3. Postgres + SKIP LOCKED

Store jobs in your main database. Poll with FOR UPDATE SKIP LOCKED.
Best for:

  • Atomic job scheduling + business logic ("cancel order and schedule refund" in one DB transaction)
  • Teams already using Postgres — no new infrastructure.
  • Strong consistency and strict ordering requirements.
  • Moderate throughput workloads (<10K jobs/sec).

Implementation:

SELECT * FROM jobs
WHERE run_at <= NOW() AND status = 'pending'
ORDER BY run_at
LIMIT 100
FOR UPDATE SKIP LOCKED;
Enter fullscreen mode Exit fullscreen mode

Why SKIP LOCKED?
Multiple workers poll concurrently without lock contention.

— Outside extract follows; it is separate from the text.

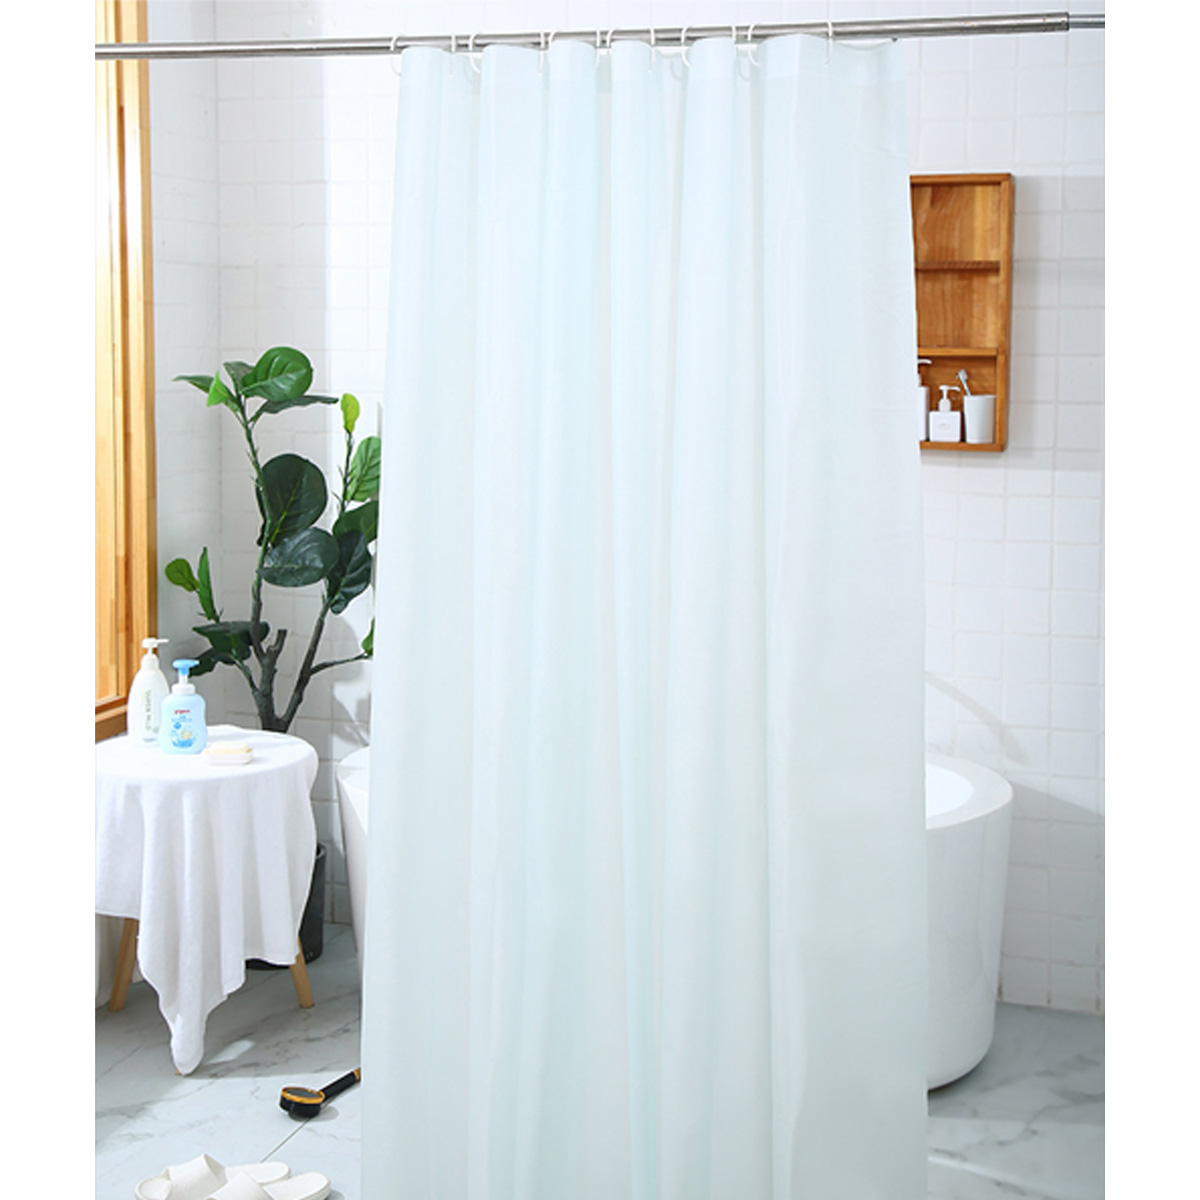 シャワーカーテン 防水 180cmx180cm 180 無地 シンプル 風呂 カーテン
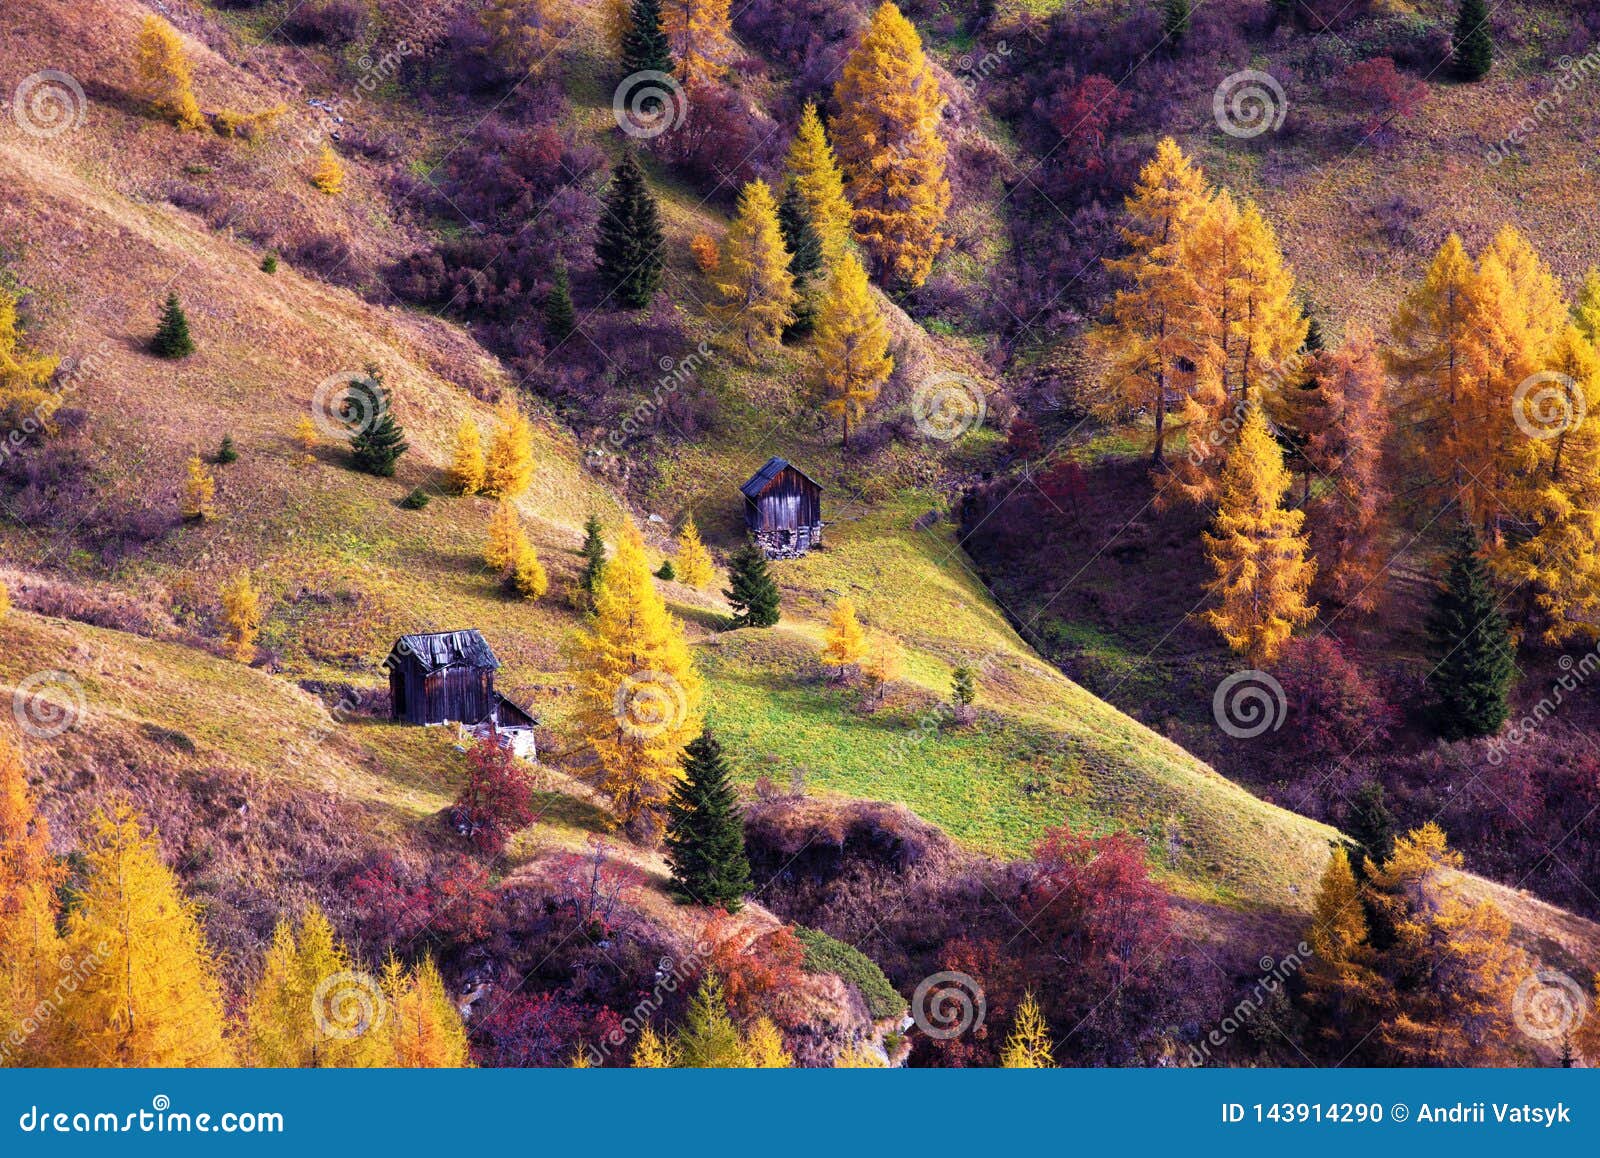 在白云岩的神秘的不可思议的美好 惊人的风景秋天风景 波尔扎诺自治省 阿尔卑斯 意大利迷人的地方库存照片 图片包括有迷人的地方 在白云岩的神秘 的不可思议的美好 惊人的风景秋天风景 波尔扎诺自治省 阿尔卑斯 意大利

Each grabs a batch, skips locked rows.

Tradeoffs:

  • Polling interval creates latency floor (5s poll = up to 5s jitter).
  • Index pressure on high churn.
  • Not for sub-second precision.

4. DynamoDB TTL

AWS-native approach using DynamoDB's Time To Live (TTL) feature combined with DynamoDB Streams.

Best for:

  • Serverless architectures on AWS.
  • Long delays (hours to days).
  • Variable/unpredictable load patterns

Implementation:

// Schedule item with TTL
await dynamodb.putItem({
  TableName: 'delayed_jobs',
  Item: {
    job_id: 'order-123',
    ttl: Math.floor(Date.now() / 1000) + delay_seconds,
    payload: { /* job data */ }
  }
});

// Lambda triggered by DynamoDB Streams on deletion
Enter fullscreen mode Exit fullscreen mode

Tradeoffs:

  • TTL deletion is eventually consistent (typically within 48 hours, but usually minutes)
  • Not suitable for precise timing needs.
  • AWS lock-in.

5. Timer Wheels / Bucketed Timers

An in-memory data structure optimized for millions of delays per second.

Examples:

  • Netty’s HashedWheelTimer
  • Kafka broker request purgatory (hierarchical timing wheels) reference

Best for:

  • Session timeouts (30-sec idle = disconnect)
  • Rate limiter token bucket refills
  • Game server tick-based events
  • Short delays (<1 hour), acceptable precision ~100ms

Why it's fast?

  • O(1) insertions using a circular wheel of buckets
  • Batched execution of timers in the same bucket
  • Trades precision for throughput.

Tradeoffs:

  • In-memory only(not durable)
  • Perfect for ephemeral delays where loss is acceptable.

6. Workflow Engines

Full orchestration engines with built-in delay scheduling.

Examples:

  • Temporal
  • Camunda

Best for:

  • Multi-step processes with delays between steps (e.g., Abandoned cart: 1h idle → +2h reminder → +24h reminder (+incentive) → close.).
  • Human approval steps with timeouts
  • Microservice orchestration with retries and delays
  • Audit trails and visual workflow editors

Tradeoffs:

  • Heavy infrastructure and operational complexity.
  • Overkill for simple delay needs, but perfect when delays are part of larger state workflows.
  • Steep learning curve
  • Resource-intensive (separate database, workers, UI)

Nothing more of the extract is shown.